Here is the problem. The AC turns on and blows cold but the strength of it blowing is not strong.

What part do you think is failing?


----------



## inspectorD (Mar 7, 2006)

Change your filter.
Then check to see what is stuck in your return duct.
Last you have a damaged squirrel cage.


----------



## TxBuilder (Mar 7, 2006)

Filter looks fine. It was all ducts. This is a house we in option period with.


----------



## TxBuilder (Mar 8, 2006)

Turned out it was the coil in the inside unit. It has a leak. However, they just replaced it in '03. Do coils fail that fast?


----------



## Aceinstaller (Mar 8, 2006)

No,  most coils outlast condensing units much of the time.  sounds like you have just had some bad luck with this.

It does happen sometimes, but most of the leaks that I find are in the connection to the coil and the connection to the condensing unit.

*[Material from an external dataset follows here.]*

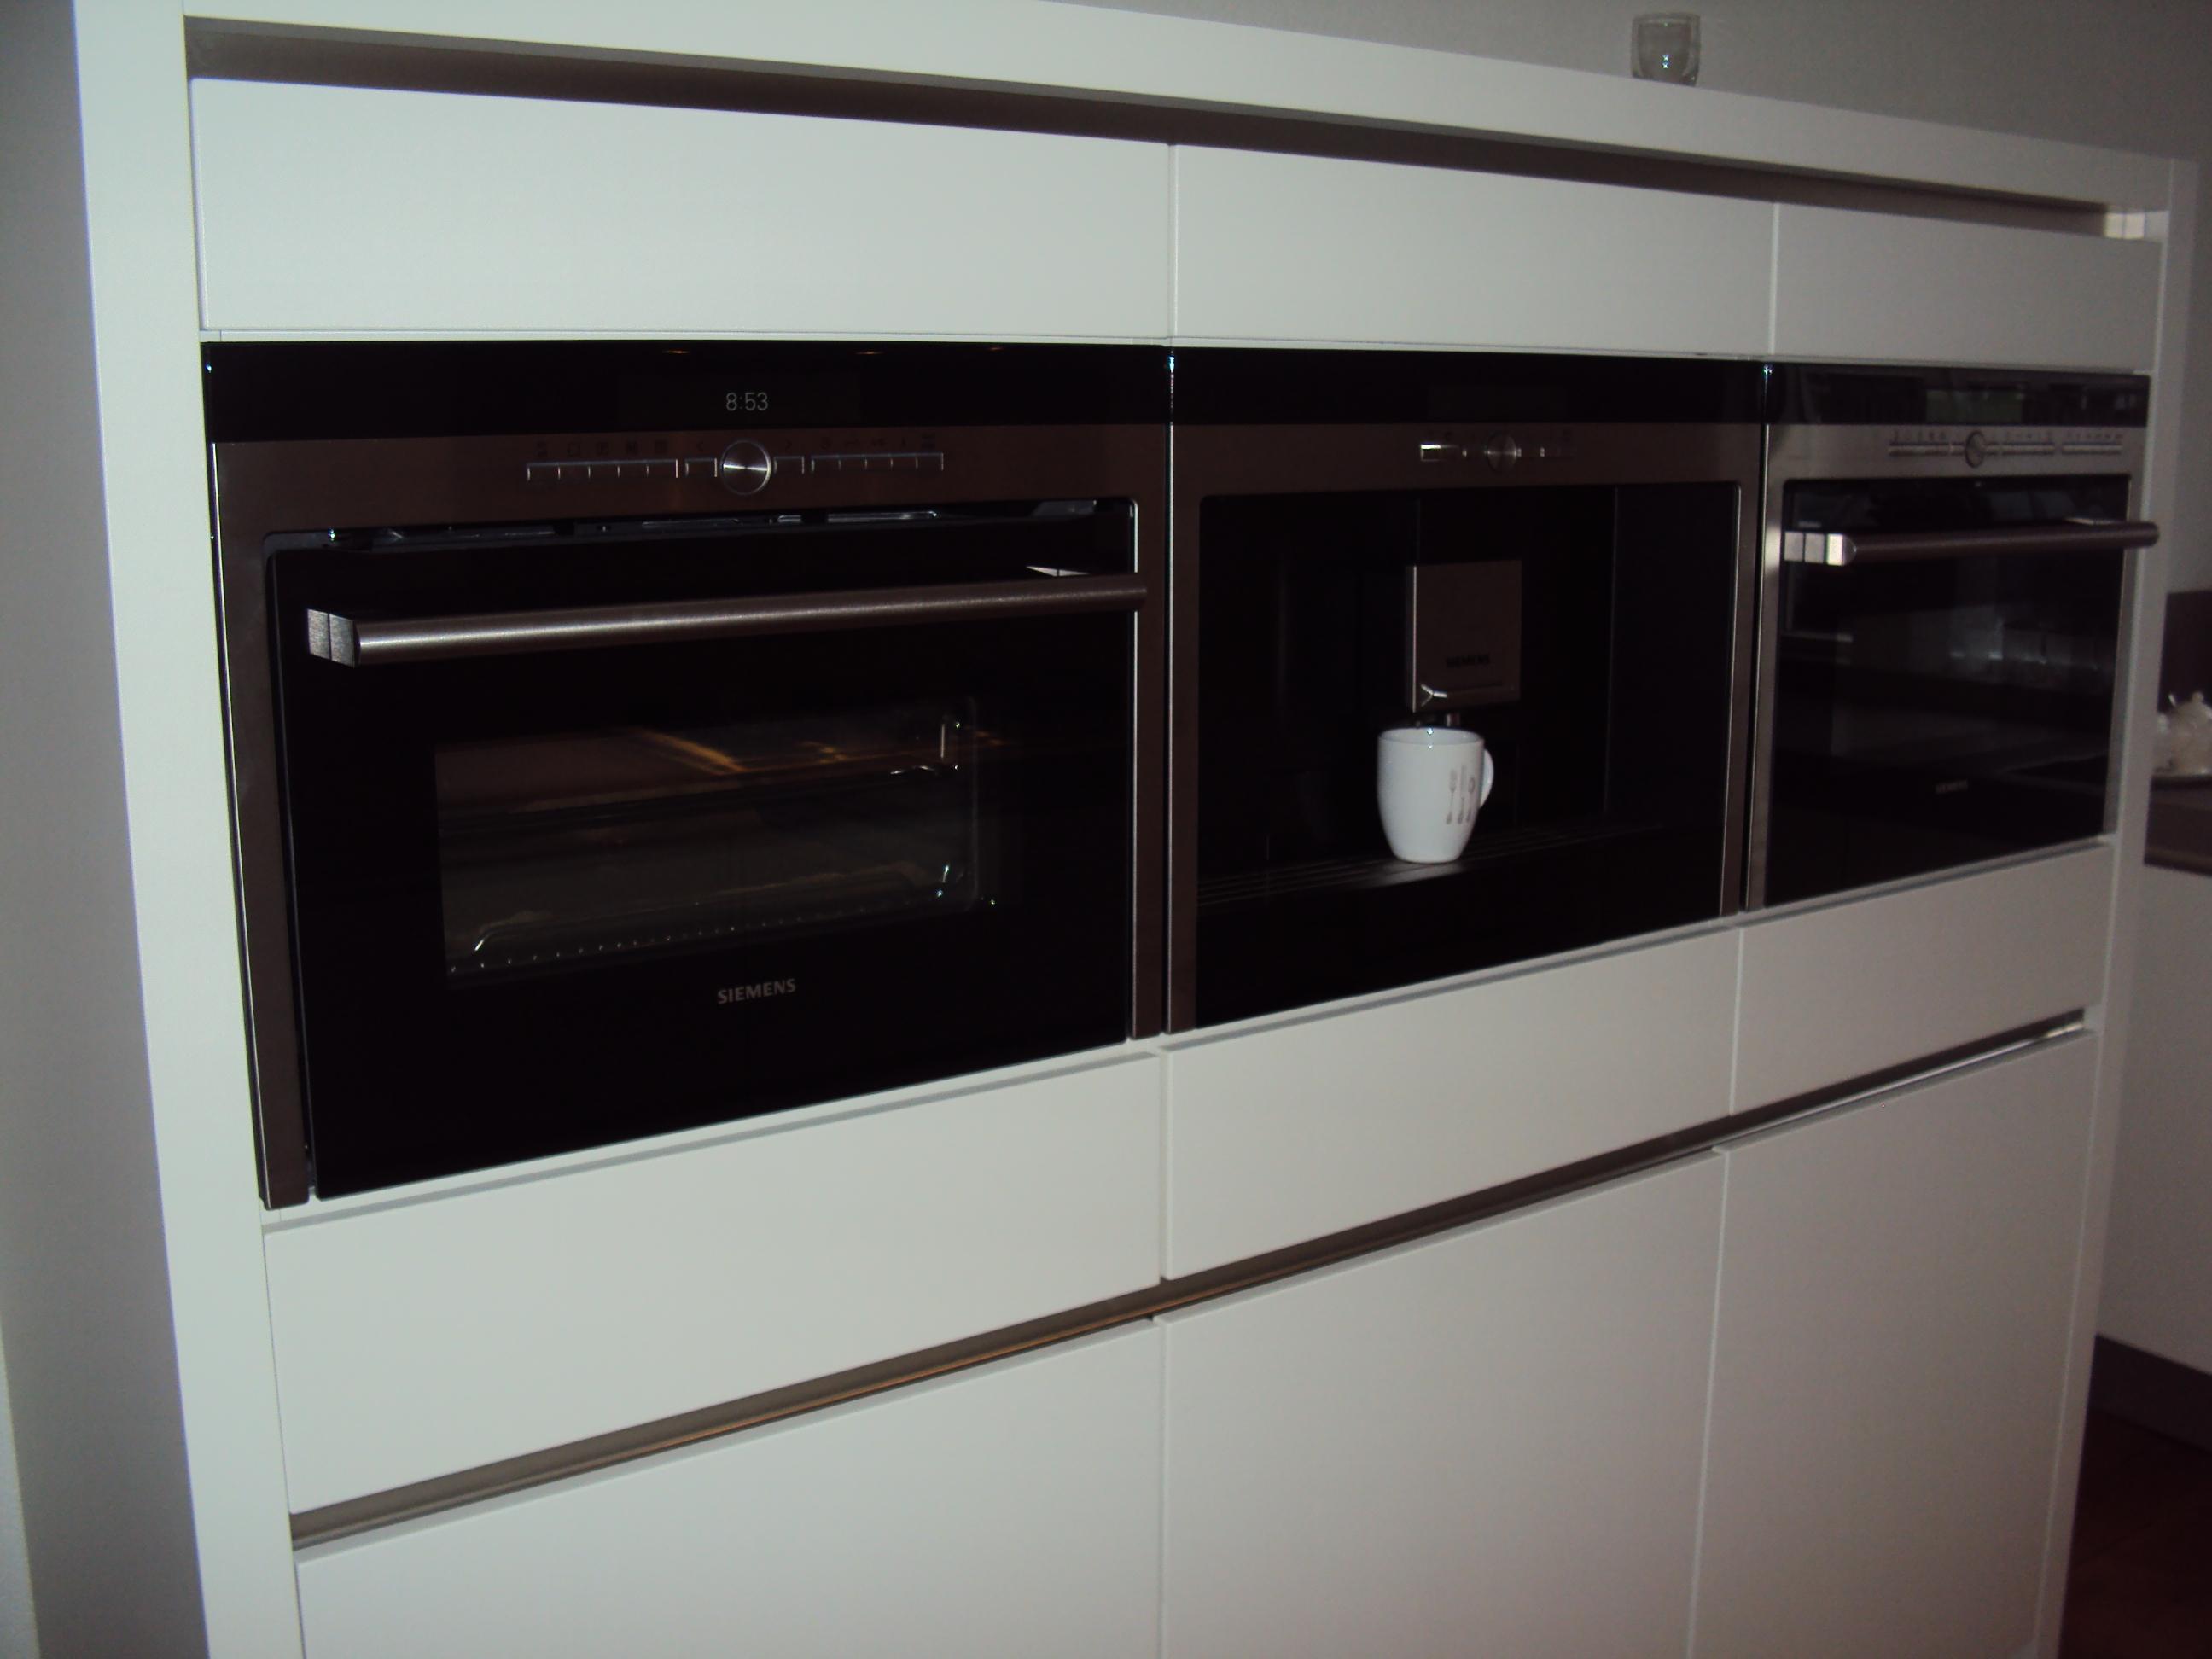 Inbouwapparatuur keuken siemens ontwerp keuken accessoires

I am assuming that the leak that you speak of is freon, not water from the condensate.  If its a leak from the condensate, more than likely, it is from the coil bieng installed out of level.  or a clog in the drain.


----------



## TxBuilder (Mar 8, 2006)

Nope it was freon. Evidence with oil on the coil? That sound right?


----------



## Aceinstaller (Mar 8, 2006)

It is a sign of a possible leak. in which a service tech will troubleshoot the coil to see where the leak is.  But I would find the leak before replacing the coil.


----------



## sicko (Jul 4, 2006)

I hate to bring back an old post but...._"__ Here is the problem. The AC turns on and blows cold but the strength of it blowing is not strong."_
Did you ever find out what the problem was? Iread the last post and it was said that freon was the problem but........ How does that affect the blower?


----------



## Fat Eddy (Jul 9, 2006)

It may have frozen the coil, therefore limiting the air flow across it.

Fat Eddy

www.airconditioning-help.com


----------



## sicko (Jul 12, 2006)

oh okay..
 Thanks


----------



## Dee (Jul 15, 2006)

My coil was replaced before the warrenty expired.  It was replaced.  Then it broke again.  what happens is that I turn the unit to 78 or 80 and the unit does not blow out cold air.  I was told by a repairman that the unit has had coil problems and most of my neighbors have.  The unit is now 8 years old and last year it was repaired twice this year once and it is now broken (no cold air)  Any suggestions?


----------



## glennjanie (Jul 15, 2006)

Hi Dee:
Open the coil cabinet and see if the coil is cool, then go outside and put your hands on the 2 copper lines attached to the condenser unit, the large line should be cool (maybe sweating) and the small one should be rather warm. Another quick test is, hold your hand over the condenser fan and see if it is putting out warm air. If these conditions don't exist it is possible you are out of refrigerant. The outdoor condenser coil should be cleaned every year; if it hasn't that would be one thing you can do without spending a lot. Caution, service men love to sell refrigerant, "it just needed a little gas" they say. The refrigerant is in liquid form, picks up heat when it evaporates (in the coil), the hot gas goes to the compressor where it is pressurized and the condenser makes it turn to liquid again. Clean first, gas last. (service men hate that)
I can't believe you need another coil this quick; its nothing for them to last 20years or more.
Glenn


----------